Lila: A Novel by Marilynne Robinson is an unusual but believable love story. Although different than how I met Jan, this novel is about love and romance that, on the surface, should never have happened. Lila, homeless and alone after years of roaming the countryside, steps inside a small-town Iowa church – the only available shelter from the rain- ignites a romance and a debate that will reshape her life. She becomes the wife of a minister, John Ames, and begins a new existence while trying to make sense of the life that preceded her newfound security.

Lila is the third novel in the Gilead series. Previously I read Home, the second in the series, and Jack, the fourth. I highly recommend all three books.

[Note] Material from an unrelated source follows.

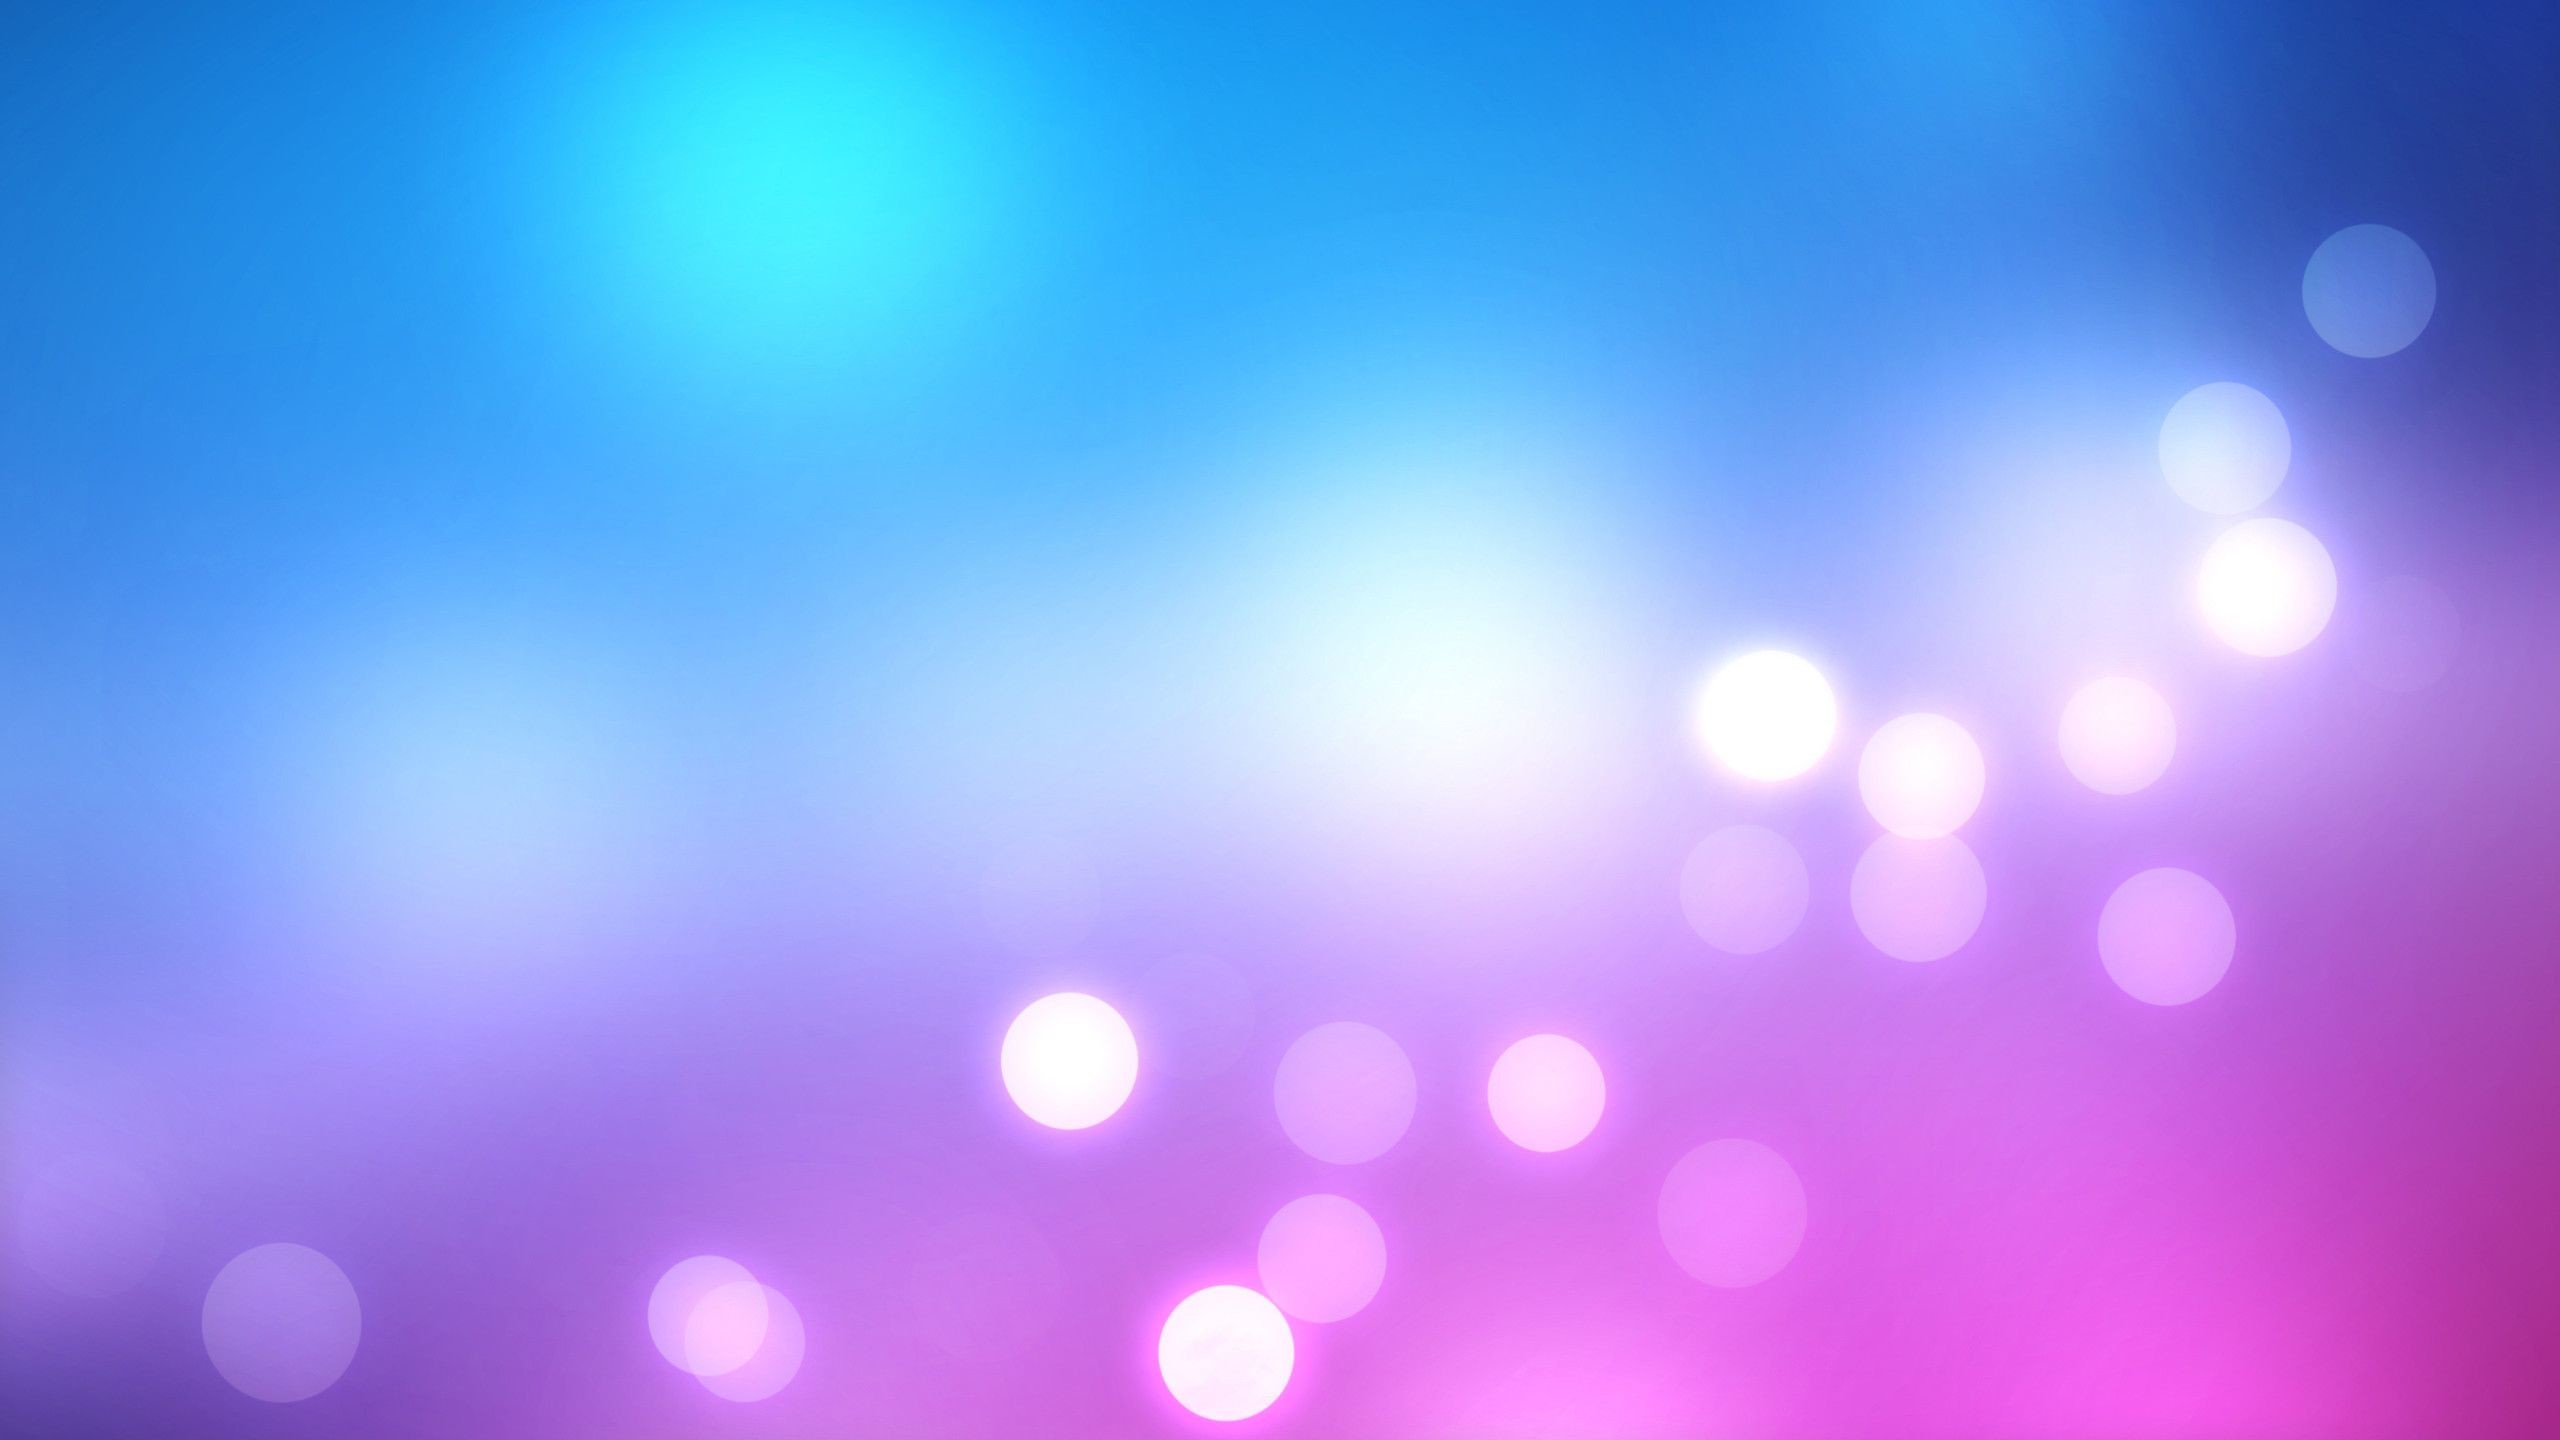 2560x1440 Search Results for “bright blue and purple wallpaper” – Adorable Wallpapers

Hopefully, one day I will read the Gilead and complete the series.

The Goodreads summary of the book provides an excellent overview.

Neglected as a toddler, Lila was rescued by Doll, a canny young drifter, and brought up by her in a hardscrabble childhood. Together they crafted a life on the run, living hand to mouth with nothing but their sisterly bond and a ragged blade to protect them. Despite bouts of petty violence and moments of desperation, their shared life was laced with moments of joy and love. When Lila arrives in Gilead, she struggles to reconcile the life of her makeshift family and their days of hardship with the gentle Christian worldview of her husband which paradoxically judges those she loves.

Revisiting the beloved characters and setting of Robinson’s Pulitzer Prize-winning Gilead and Home, a National Book Award finalist, Lila is a moving expression of the mysteries of existence that is destined to become an American classic.